Benchmark choice. We use TAIEX (^TWII) as benchmark, which is a better local match than the earlier analysis (which used SPY, despite referencing EWT). TAIEX is cap-weighted and dominated by TSMC and other mega-caps, so some size exposure remains for mid-cap stocks above the TWD10B threshold.
Short-sale constraints in practice. Taiwan allows shorting more freely than China, but securities lending availability varies by stock. The miss penalty is statistically clear in the data; executing it in practice still requires borrowable shares at acceptable rates.
Transaction costs.
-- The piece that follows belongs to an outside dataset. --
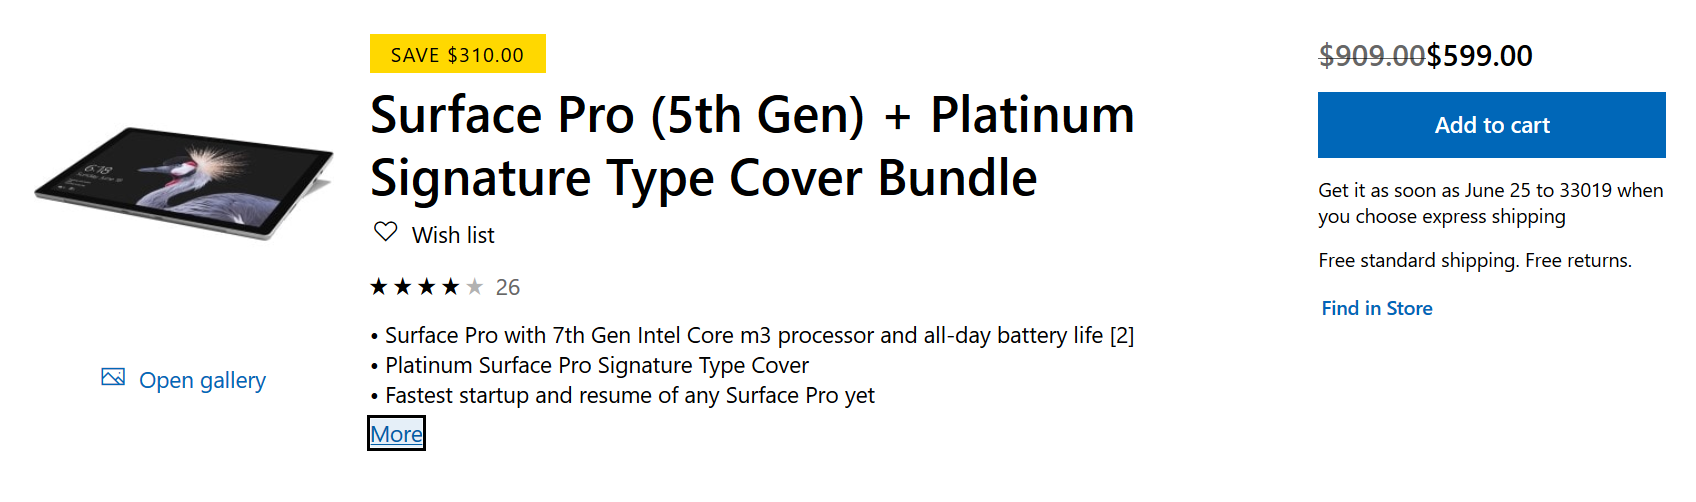 Save over $300 on a Surface Pro 5 bundle - Save $310 on a Surface Pro 5 bundle that includes a Signature Type Cover

Gross abnormal returns. Taiwan has a transaction tax (0.3% on stock sales) that directly reduces the net capture from short strategies.
Takeaway
Taiwan's PEAD signal is driven by the miss side. The -2.89% drift for Q1 (worst misses) over 63 trading days is one of the strongest miss penalties globally. The Q5-Q1 spread of +4.37pp is the second highest after India (+5.17pp).
Beats produce real drift too (+0.89% at T+63, t=+4.27), so Taiwan supports a bilateral signal. But the miss penalty is the main event.
The structural story fits. Taiwan's semiconductor-heavy market has tight analyst estimates, visible supply-chain earnings cycles, and a more accessible short market than neighboring China. When companies miss in this environment, the adjustment is sharp and sustained.
The practical edge depends on your ability to short. For long-only investors, the beat signal is modest but real. For anyone who can short, the miss quintile is where Taiwan's data says the signal is clearest.
Data: Ceta Research (FMP financial data warehouse). 16,497 events, TAI (Taiwan Stock Exchange), 2000-2025. Abnormal returns computed vs TAIEX (^TWII) benchmark. Next-day close (MOC) entry. 1st/99th percentile winsorization. Surprise cap 200%. Past performance does not guarantee future results. Educational content only, not investment advice.
References
- Ball, R. & Brown, P. (1968). "An Empirical Evaluation of Accounting Income Numbers." Journal of Accounting Research, 6(2), 159-178.
- Bernard, V. & Thomas, J. (1989). "Post-Earnings-Announcement Drift: Delayed Price Response or Risk Premium?" Journal of Accounting Research, 27(Supplement), 1-36.
- Bernard, V. & Thomas, J. (1990). "Evidence that Stock Prices Do Not Fully Reflect the Implications of Current Earnings for Future Earnings." Journal of Accounting and Economics, 13(4), 305-340.